Question

Find the locus of the mid-points of the portion of the line $xsin\theta +ycos\theta =p$ intercipted between the axes.

Answer 1

We have $xsin\theta +ycos\theta =p$

$\Rightarrow \frac{x}{\frac{p}{sin\theta }}+\frac{y}{\frac{p}{sin\theta }}=1$

So, the x and y intercepts are given by

$(\frac{p}{sin\theta },0)$ and $(0,\frac{p}{cos\theta })$

Now, let coordinates of the mid point be (h,k)

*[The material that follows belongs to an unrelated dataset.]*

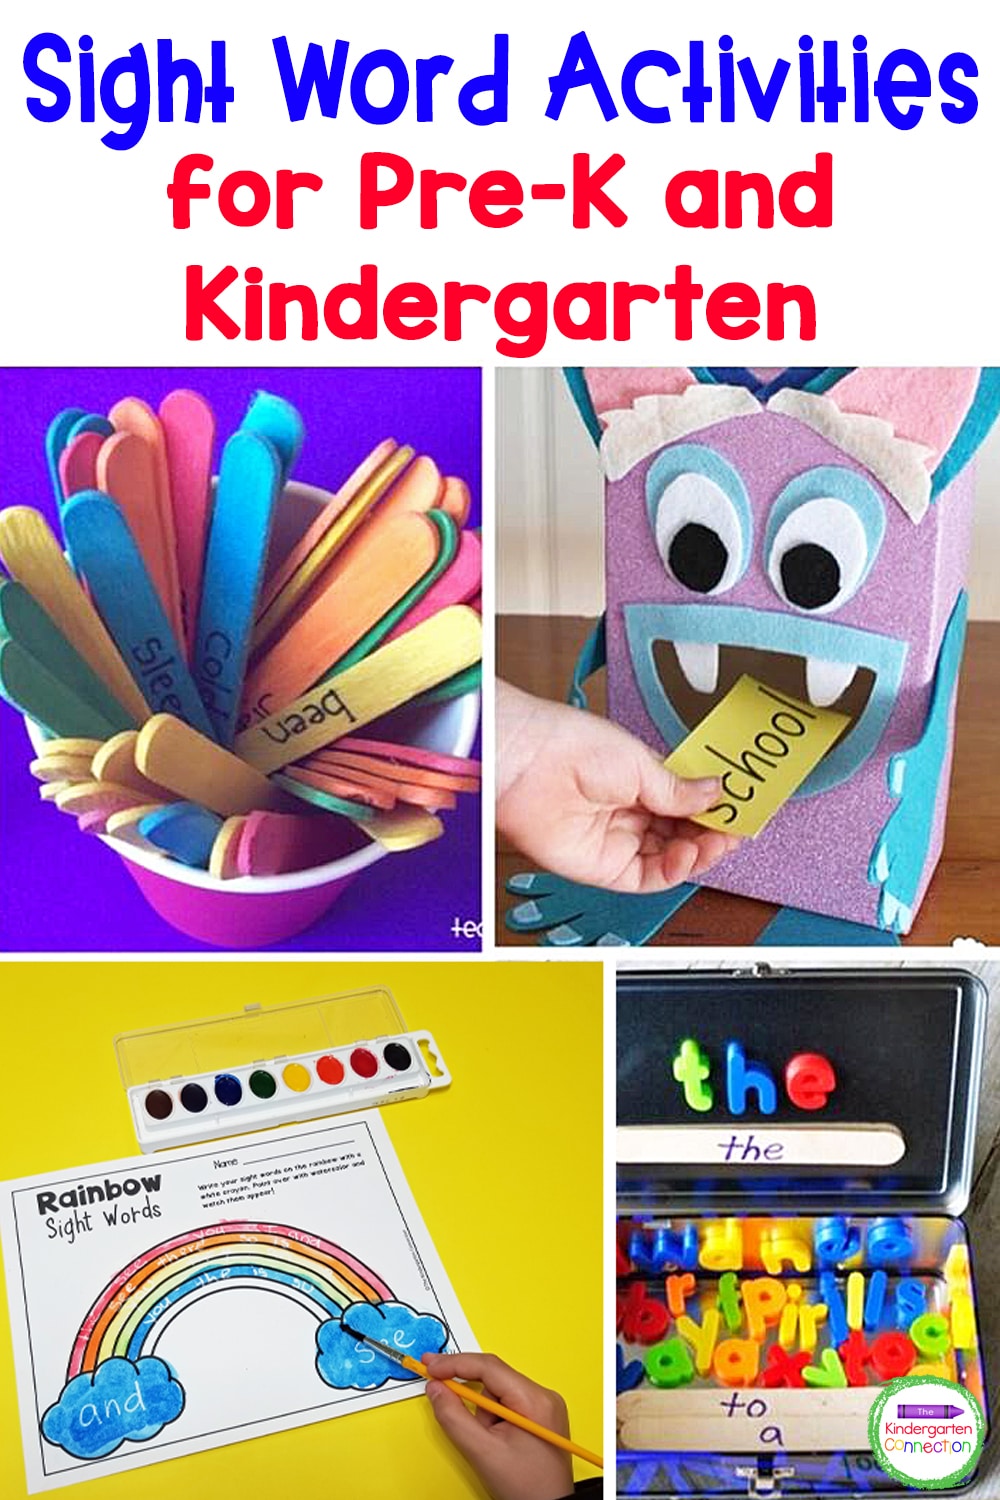 These 27 awesome sight word activities for Pre-K & Kindergarten provide fun, hands-on ways to build sight word knowledge and reading skills!
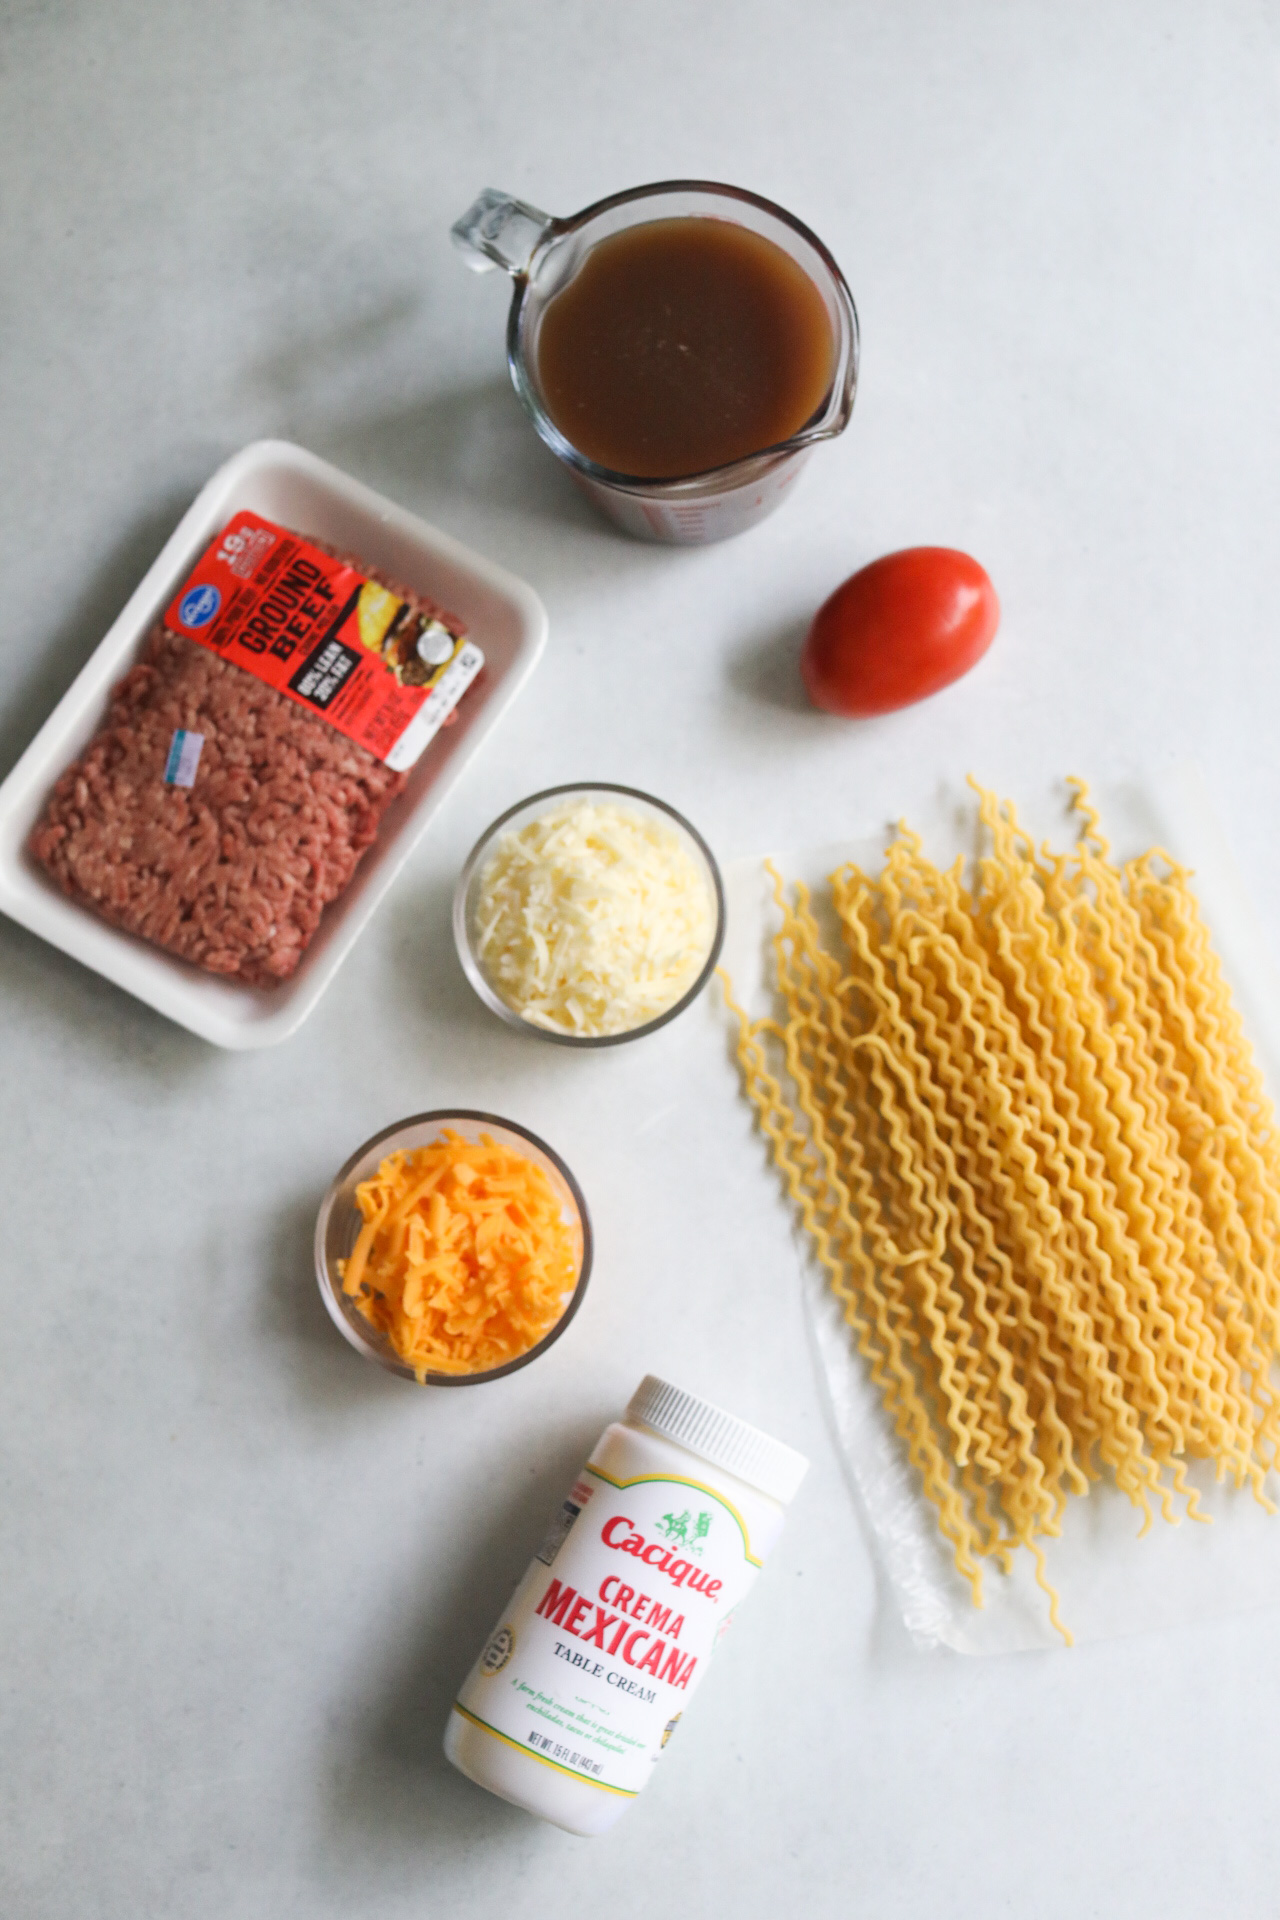 One pot taco spaghetti ingredients flat lay for additional ingredients. Packaged ground beef, beef stock in a measuring glass, roma tomato, two bowls with cheddar and Monterey jack cheese, Mexican sour cream and noodles.

$\therefore h=\frac{\frac{p}{sin\theta }+0}{2}$ and $k=\frac{0+\frac{p}{cos\theta }}{2}$

$\Rightarrow h=\frac{p}{2sin\theta }$ and $k=\frac{p}{2cos\theta }$

$\Rightarrow sin\theta =\frac{p}{2h}$ and $cos\theta =\frac{p}{2k}$

$\Rightarrow si{n}^2\theta =\frac{p^2}{4h^2}$ and $co{s}^2\theta =\frac{p^2}{4k^2}$

Now,squaring and adding, we get

$si{n}^2\theta +co{s}^2\theta =\frac{p^2}{4h^2}+\frac{p^2}{4k^2}$

$\Rightarrow 1=\frac{p^2}{4h^2}+\frac{p^2}{4k^2}$

$\Rightarrow \frac{4}{4h^2}+\frac{1}{h^2}+\frac{1}{k^2}$

Since, (h,k) is the mid point, so it will also pass through$xsin\theta +ycos\theta =p.$ Hence,the given equation of locus can also be written as :

$\frac{4}{p^2}=\frac{1}{x^2}+\frac{1}{y^2}$